Tanja Schröder’in metni Gizem Alav’ın Almanca aslından yaptığı çeviriyle geliyor.
Bak bugün ne oldu…
Idaho’nun ortasında arkaik ıssızlık. Bayan Brix, Jesse’in onu götürdüğü ormanın ortasındaki küçük meydanlıkta keşfettiği şeyi gördü ve kelimenin tam anlamıyla şoke oldu.

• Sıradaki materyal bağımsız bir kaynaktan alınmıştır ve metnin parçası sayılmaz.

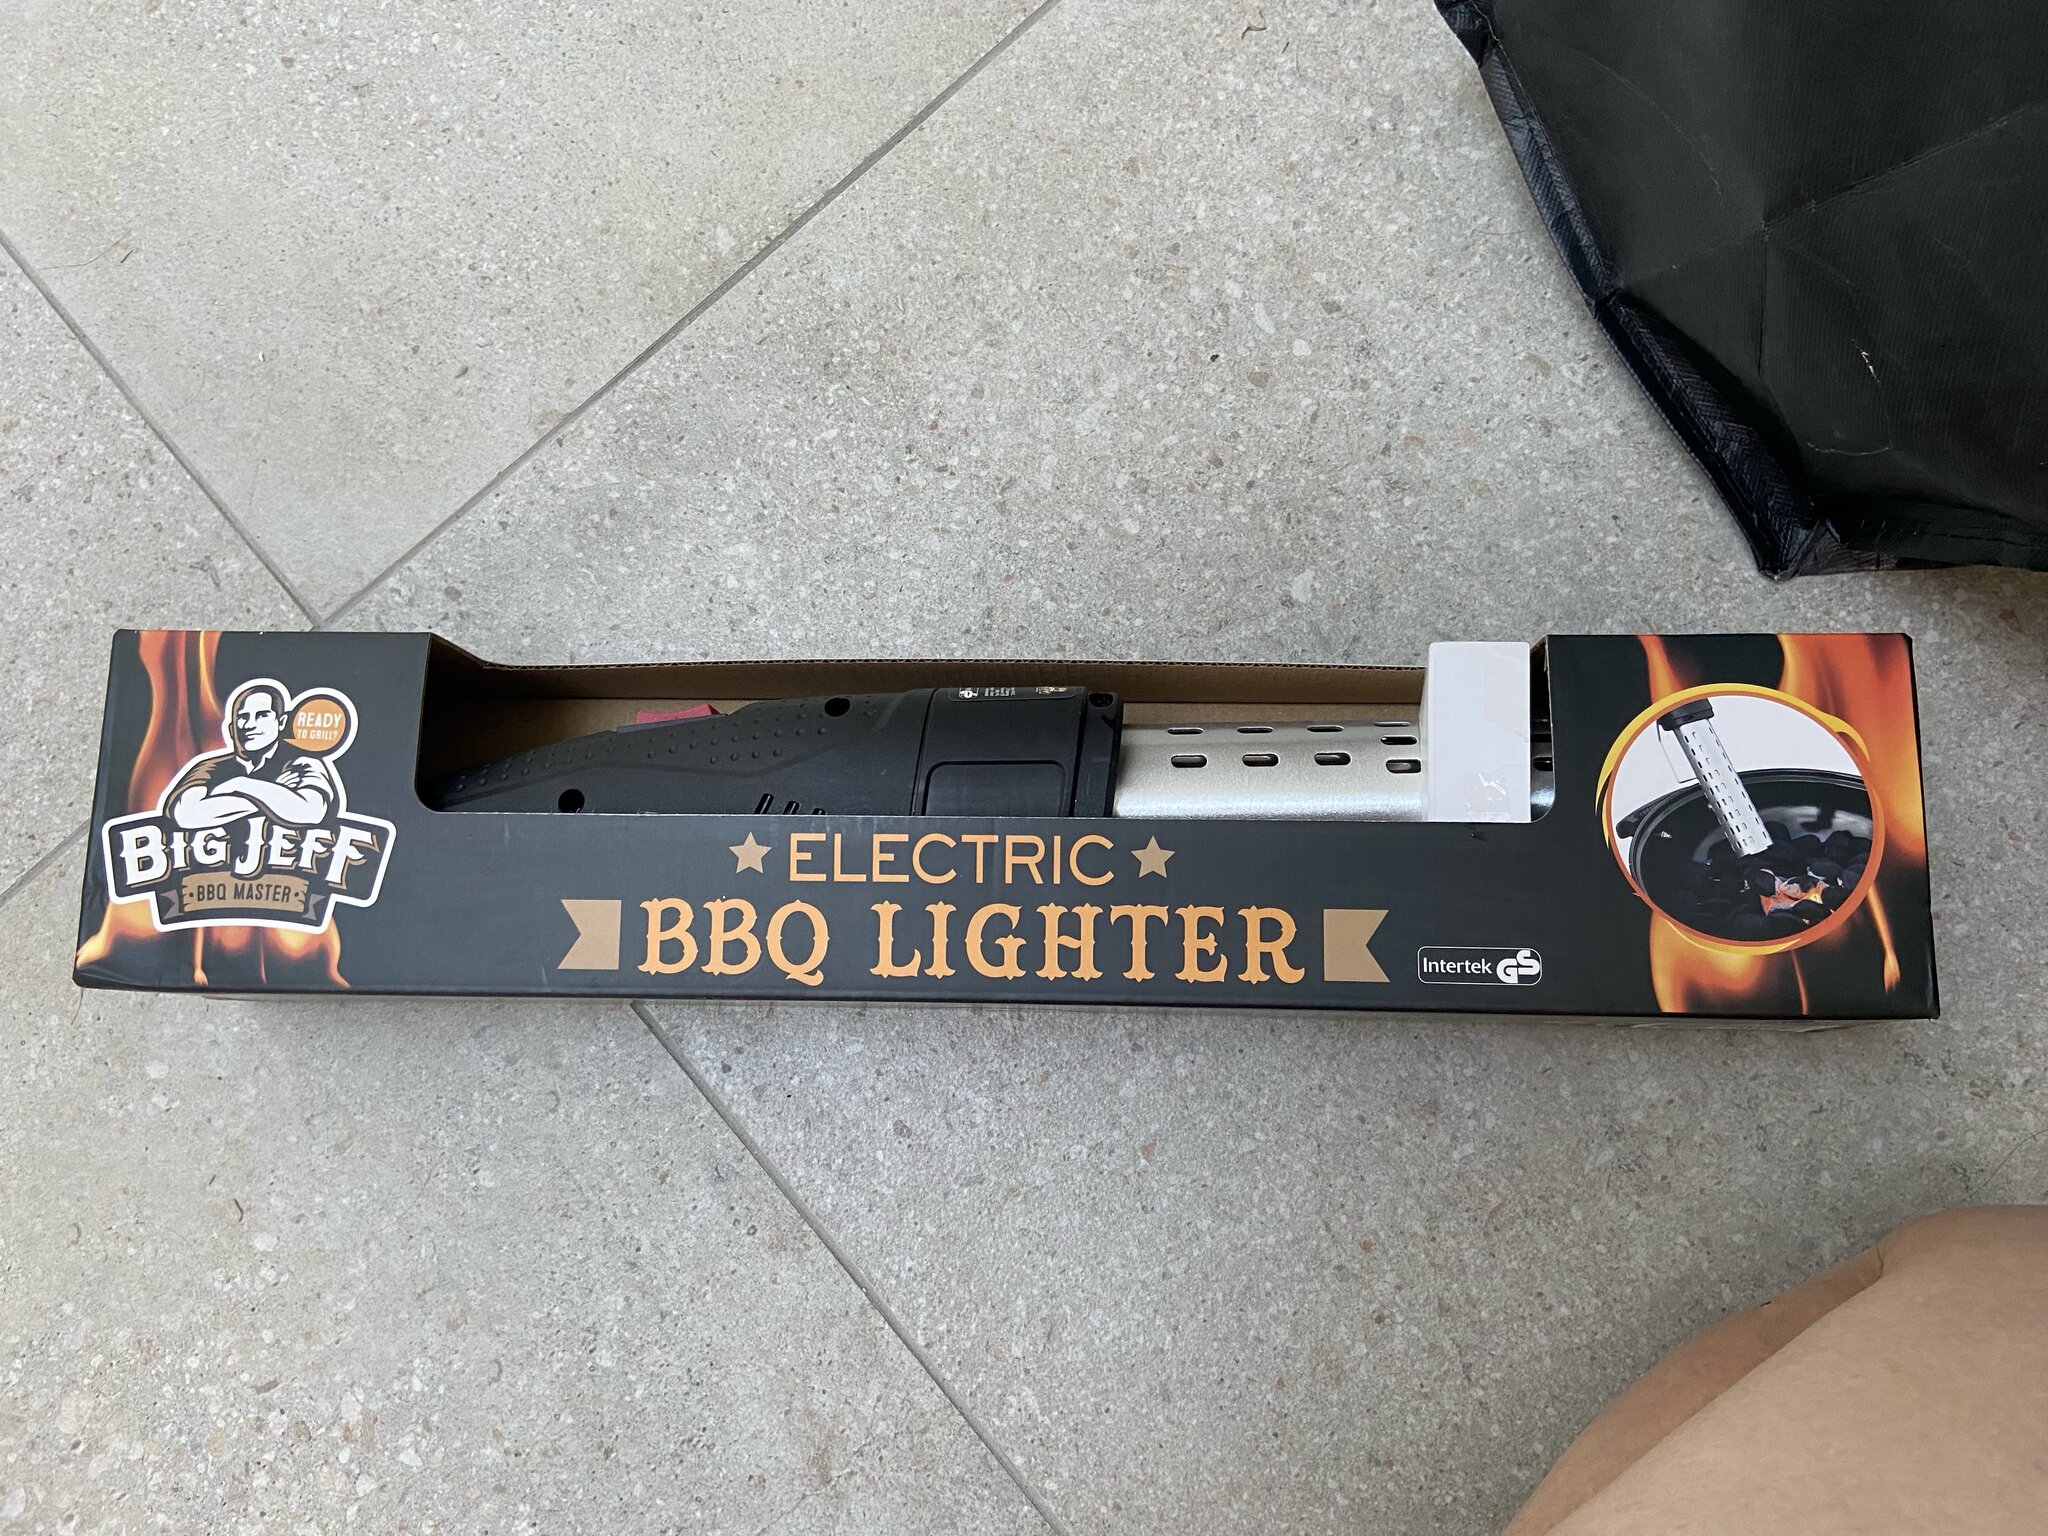 Big Jeff Bbq Lighter Action BBQ lighter, iemand ervaring mee?| Pagina 2 | Het BBQ Genootschap

Jesse’in ona göstermek istediği şey, nehrin üçüncü kolunun gelişigüzel böldüğü, aslına bakılırsa henüz gerçek bir orman bile olmamış, küçük ormanın içindeydi.
Gerçek bir orman değil, ama ağaç evler yapmak, yer altı sığınakları kazmak ve çalılıkların arasında saklambaç oynamak için yeterli.
Bugün, büyümüş ve çocukluğunun çoğunu unutmuşken, bu küçük orman ona korkutucu geliyordu. Eskiden toprağın altındaki oyuklarda sürünür ve öteki çocuklarla ‘Japonlar ve Naziler’ oyununu oynardı. O zamanlar daha örümceklerden, böceklerden ve kötü adamlardan korkuları yoktu. Bugün tehlike, karanlığın bastırmasının ardından ağaçların ve ev köşelerinin arkasında pusu kurmuş bekliyordu.
Jesse’in yoldan aşağı nasıl da tasasızca koştuğunu gördüğünde bu kayba ve aldırışsız masumiyetin yokluğuna iç çekti. Çocuğun ateş kırmızısı yün başlığı soğuk kış gününün gri loşluğunda bir sinyal gibi parlıyordu.
Böyle bir günün ardından aslında artık sadece Jesse’in baştan aşağı kirlenmiş pantalonunu yeniden tertemiz ve mis kokulu hale getirmenin zorluğunu düşünebiliyor olmasına iç çekti. Neredeyse kendine gülecekti. Böylesi düşünceler; yok, yapma Helen, sen bir kadınsın ya.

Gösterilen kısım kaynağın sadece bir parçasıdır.